Before leaving, Sonny went to his parents, Capt. Marcelo Alvarez and Juanita Turingan, a public school teacher. Both had been harassed by soldiers inquiring about his whereabouts.
He told his parents about his coming trip and apologized for the troubles he had caused them. His father, a guerrilla during the Japanese Occupation, asked him to reconsider. When Sonny said no, his father hugged and saluted him. His mother told him: “Do what you believe is right. Always follow your conscience.

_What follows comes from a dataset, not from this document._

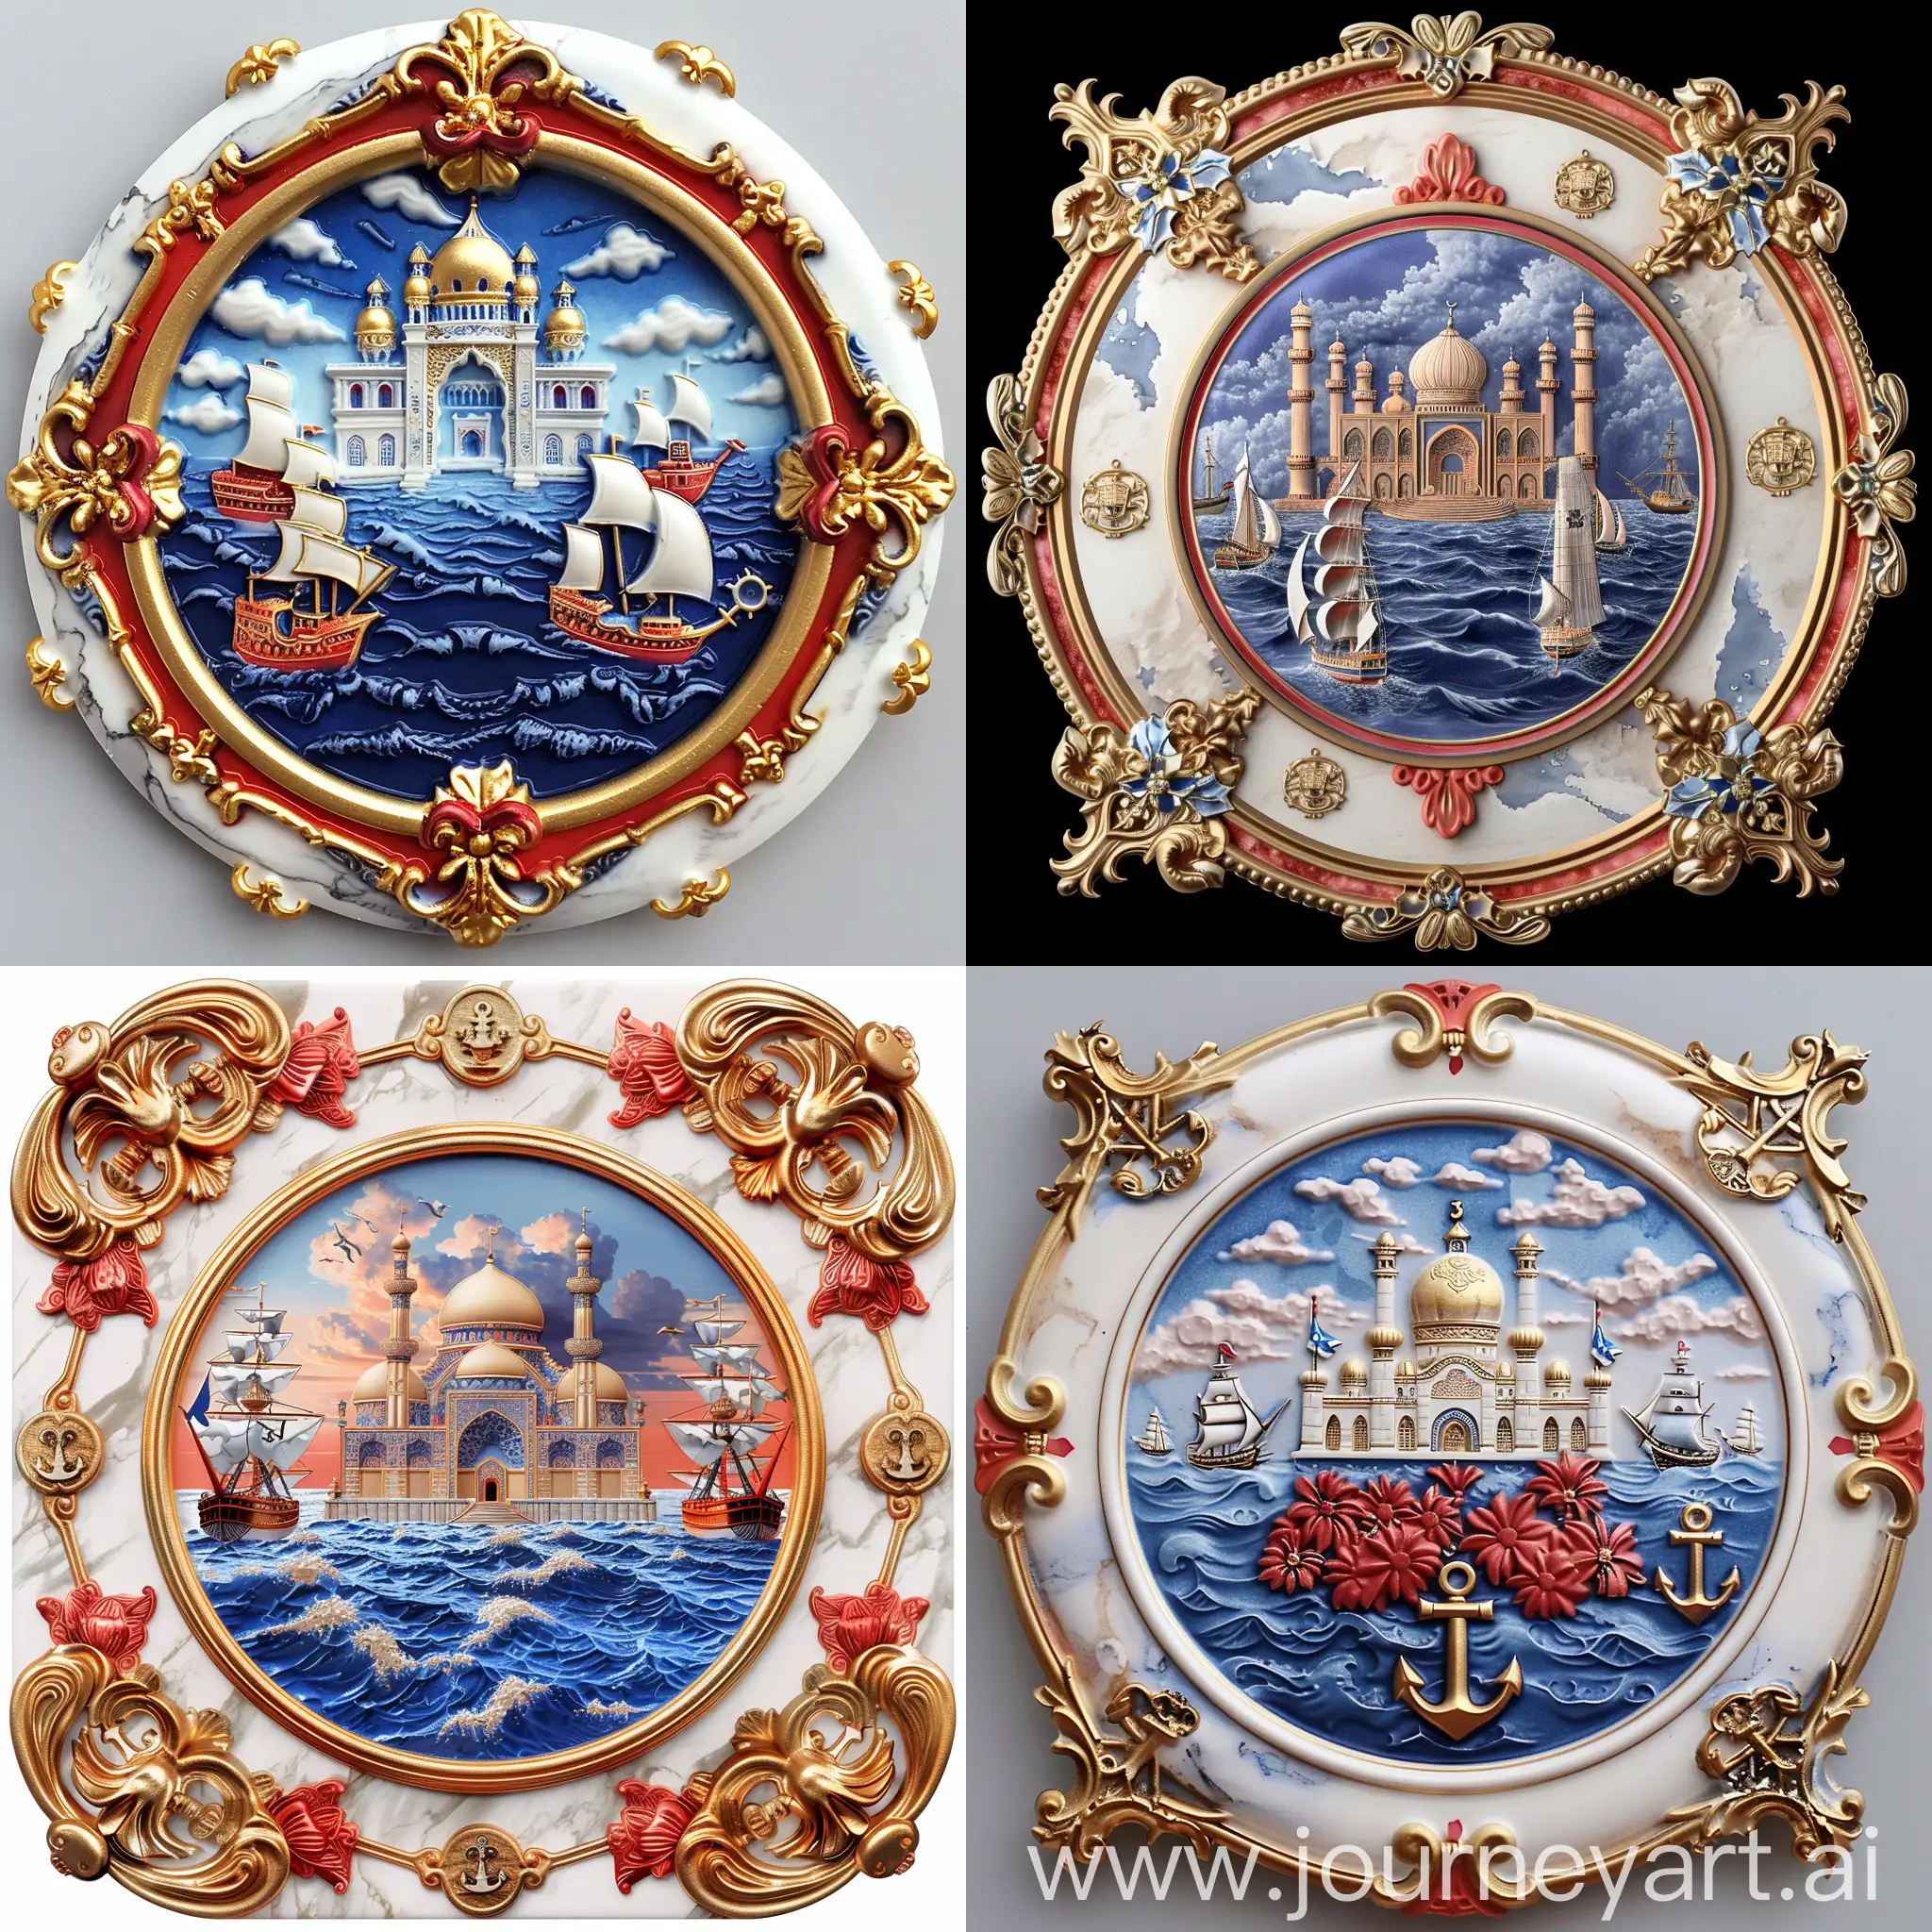 a pirates styled arabesque shaped round porcelain medal, inframing 3d embossed style painting of a Persian mosque beyond sea with ships, Symmetric front perspective, solid red blue Persian floral design with golden outline embossed on torus moulded white marbled border, 3d Naval symbols at corners, shiny metallic gold framed, iznik decorations around medallion
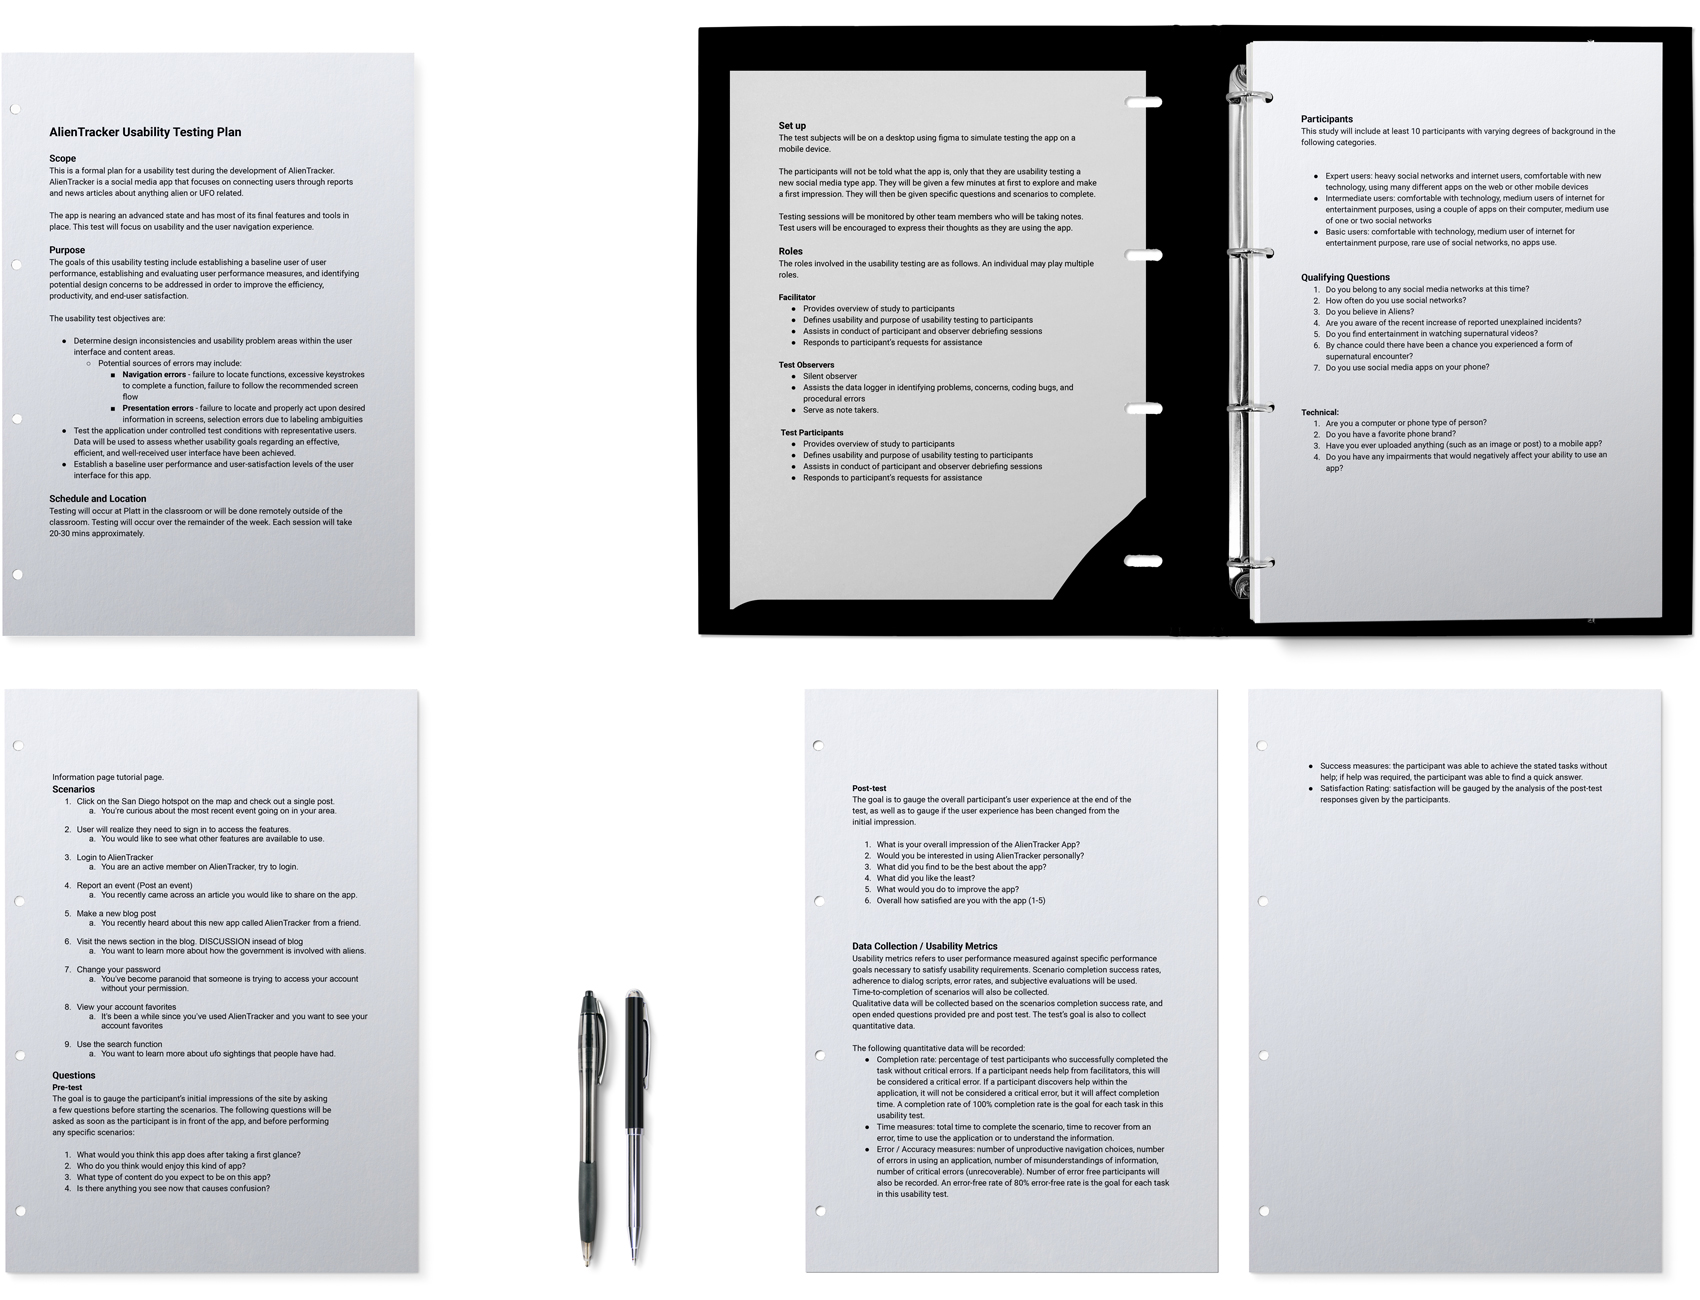 The review document mockup..

And don’t forget to pray.” He was in tears when he walked away.
That was the last time Sonny saw his father, who had a heart attack after learning that Sonny’s brother was “brutally tortured, his eyes gouged out, his tongue cut and his head bashed.” They found his body in the churchyard of Santiago, Isabela.
Then Defense Minister Juan Ponce Enrile told Cecile to tell Sonny to surrender. “(We) have accounted for all the (opposition ConCon) delegates except Alvarez and (Bonifacio) Gillego,” he said. “You better tell Alvarez to surrender or he’ll be shot on sight.”
Sonny boarded incognito a ship of a Greek captain bound for Hong Kong, according to Cecile. Throughout the trip, he was restless and sleepless until he set foot on American soil.
In the US, Sonny linked up with Manglapus and Gillego, a soldier-turned-human rights advocate who challenged Marcos’s war records. Manglapus was on a speaking tour when the declaration of martial law forced him to stay. He organized the Movement for Free Philippines to consolidate the opposition in the US.
But it was not easy for Sonny. He learned that as the opposition leaders back home were not united, so were they also in the US. He had to go from house to house to campaign for unity on a shoestring budget.
Sonny admitted later in an interview that he, Manglapus and Gillego had difficulty mustering the support of Filipinos in the US, because the early immigrants had Ilocano roots and a natural affinity with Marcos. He said they made progress only after two years.
(By the time in the 1980s when I was residing in San Francisco, publishing The Filipino Times in the Bay Area, I had more or less the same assessment of the political opposition in the West Coast.)